# Ordering of Gelatin Filters



## 70to210mmf4 (Jan 16, 2020)

I got this Ilford filter set "as is" for dirt cheap. I think they are all there, but they have been all jumbled up and I'm having a hard time working out what order they were originally in. I'm guessing they need to be ordered from yellow to magenta but that is easier said than done. Can somebody smarter than me tell me how these sheets should be ordered? Thanks.


----------



## tirediron (Jan 16, 2020)

There should be a very faint, white number in one corner; have you tried looking with a magnifying glass or loupe?  Failing that, then yes, your order looks right-ish.


----------



## 70to210mmf4 (Jan 16, 2020)

tirediron said:


> There should be a very faint, white number in one corner; have you tried looking with a magnifying glass or loupe?  Failing that, then yes, your order looks right-ish.



I don't see any little white numbers on them. I think the previous owner may have trimmed them because they are smaller than it says on the box. Maybe they didn't know about the numbers either and snipped them off.


----------



## webestang64 (Jan 18, 2020)

I might have a set of those, I 'll see if I can dig them out to get you the right order.


----------



## 480sparky (Jan 18, 2020)

Here's my set.  Hopefully this helps.


----------



## 70to210mmf4 (Jan 18, 2020)

480sparky said:


> Here's my set.  Hopefully this helps.


Yes that is very helpful, thank you! The thing I am most confused about is there are two sheets that are almost totally transparent but one is a slight yellow and one is a slight magenta. Do you have those too? It's also strange that #4 looks a lot more yellow than #3-1/2 in your picture.


----------



## 70to210mmf4 (Jan 18, 2020)

webestang64 said:


> I might have a set of those, I 'll see if I can dig them out to get you the right order.

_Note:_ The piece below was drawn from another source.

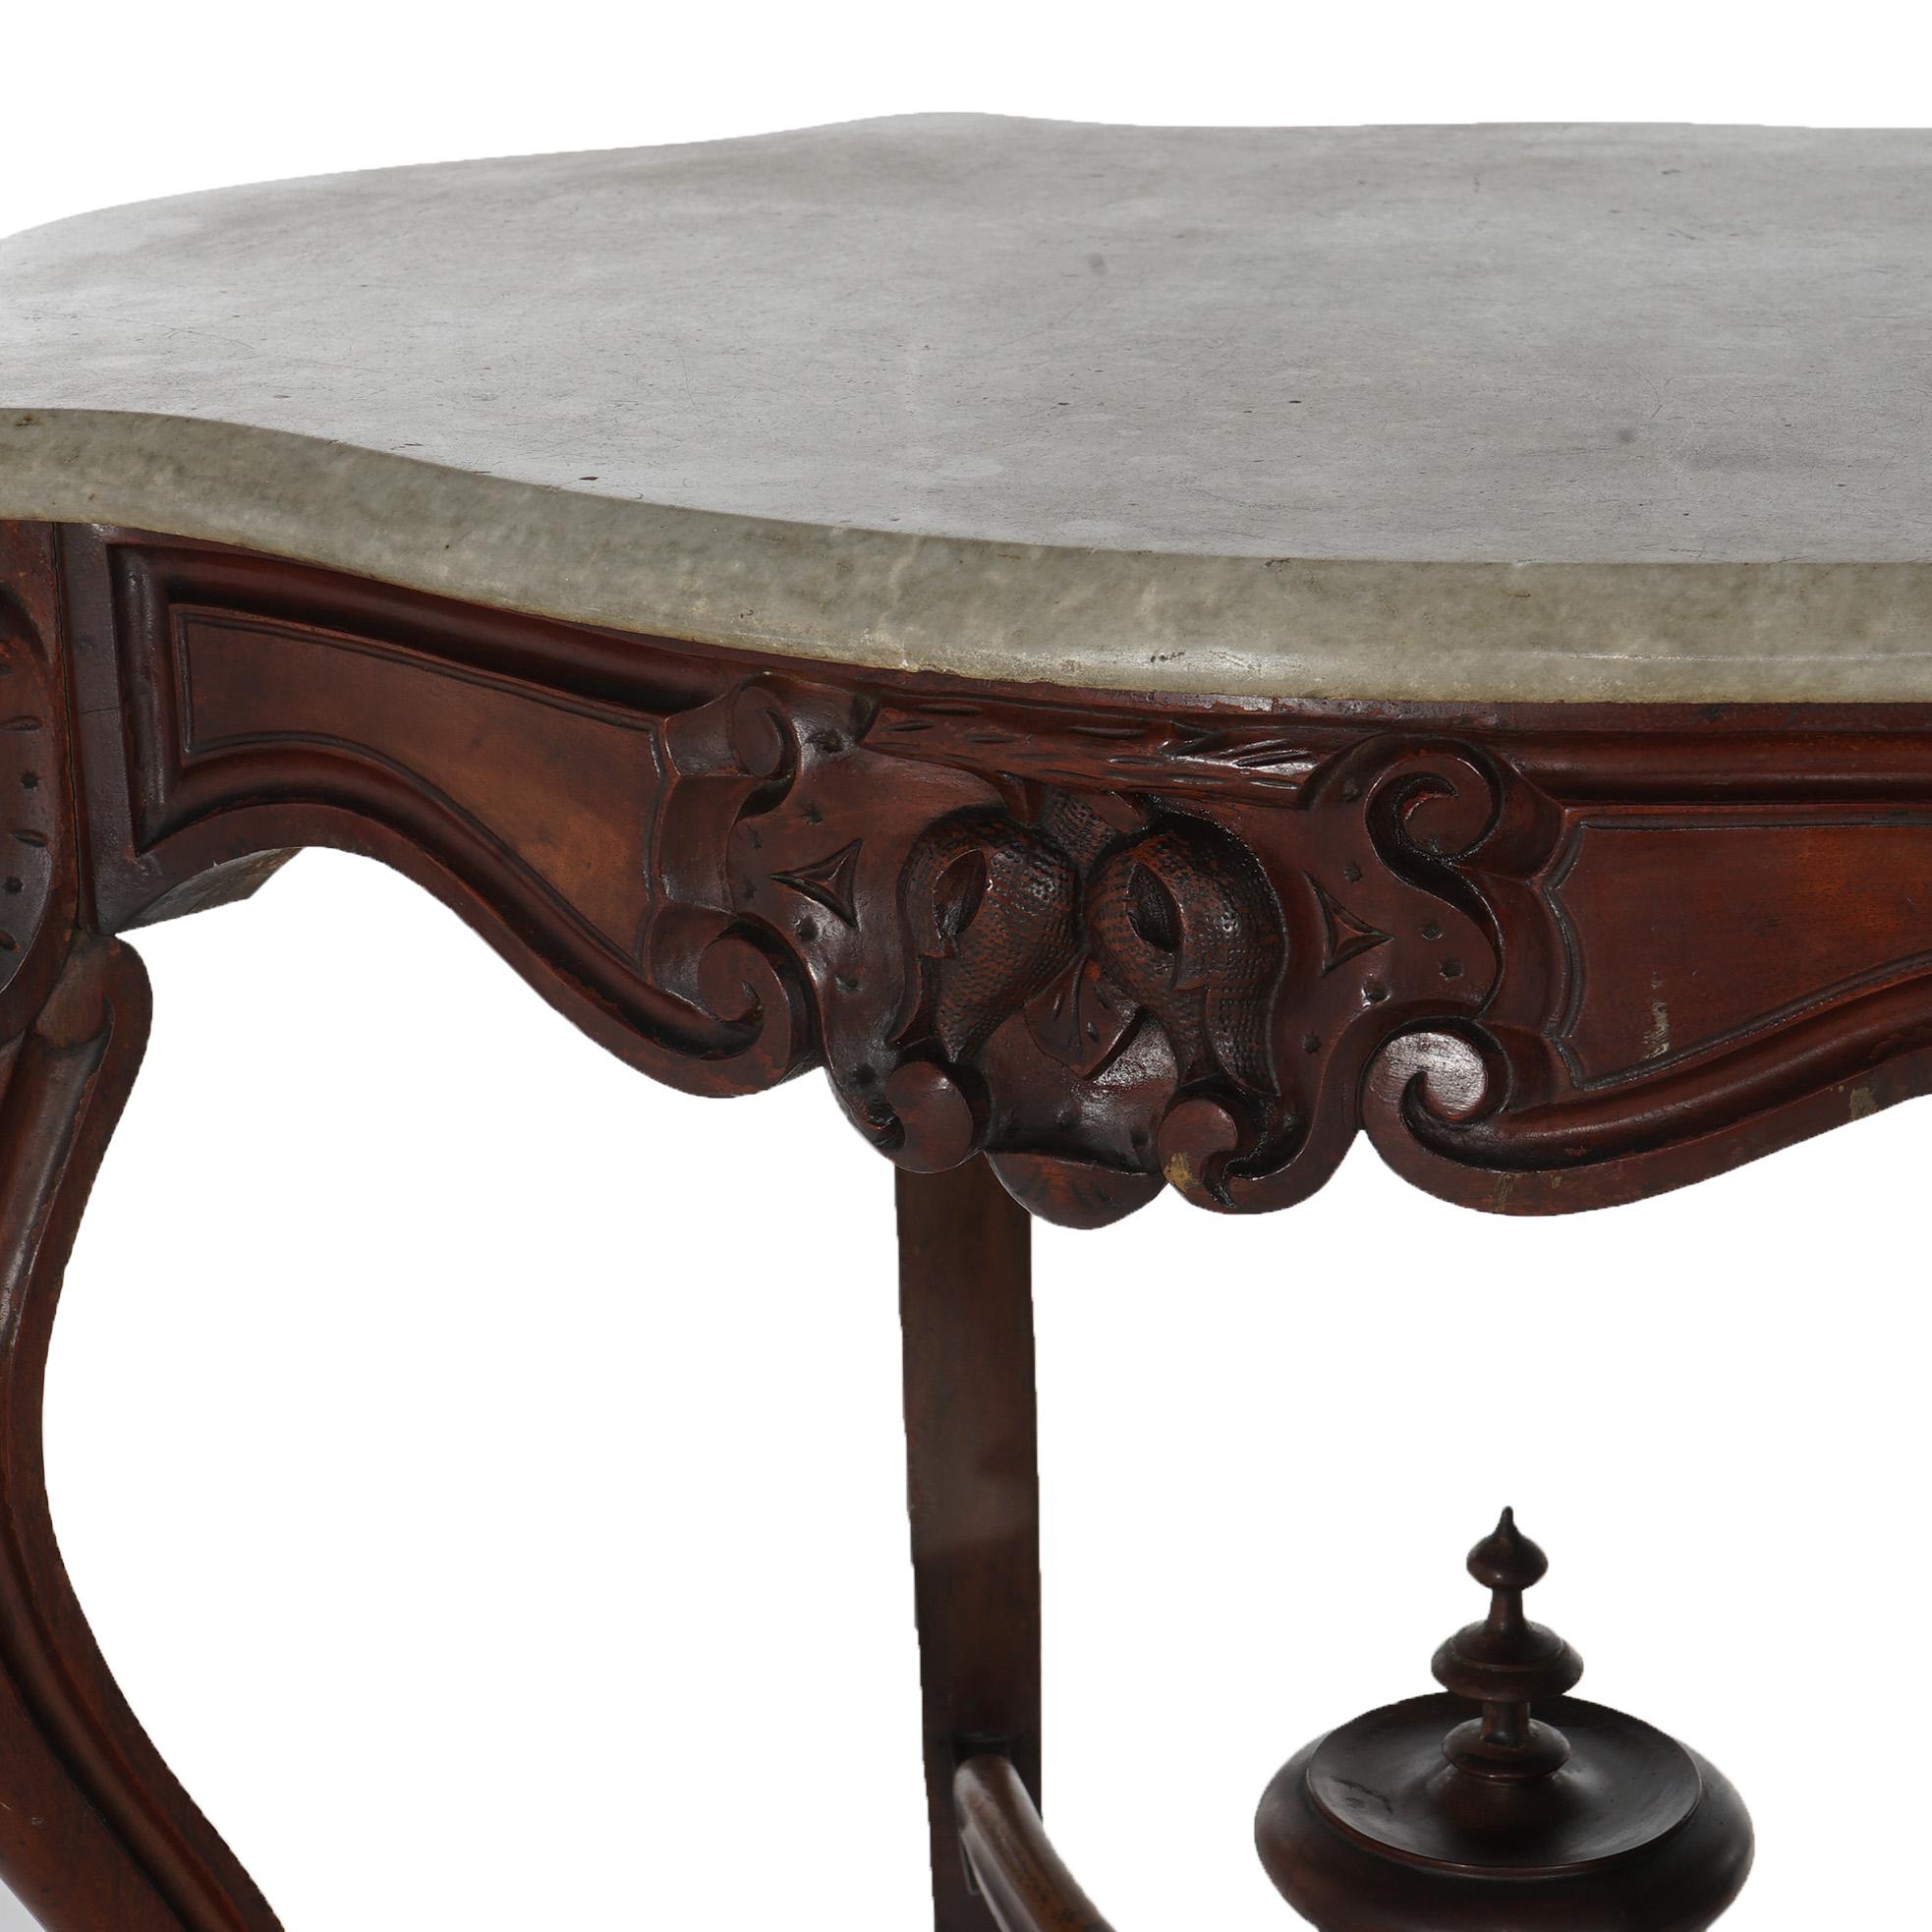 Antique Victorian Rococo Carved Walnut & Marble Top Parlor Table C1800 For Sale 8

That would be great thank you


----------



## 480sparky (Jan 18, 2020)

70to210mmf4 said:


> 480sparky said:
> 
> 
> > Here's my set.  Hopefully this helps.
> ...



IIRC, it has to do with the two colors multi-grade paper is designed to react to:  blue and green.  The yellow controls the blue sensitivity and the magenta controls the green.


----------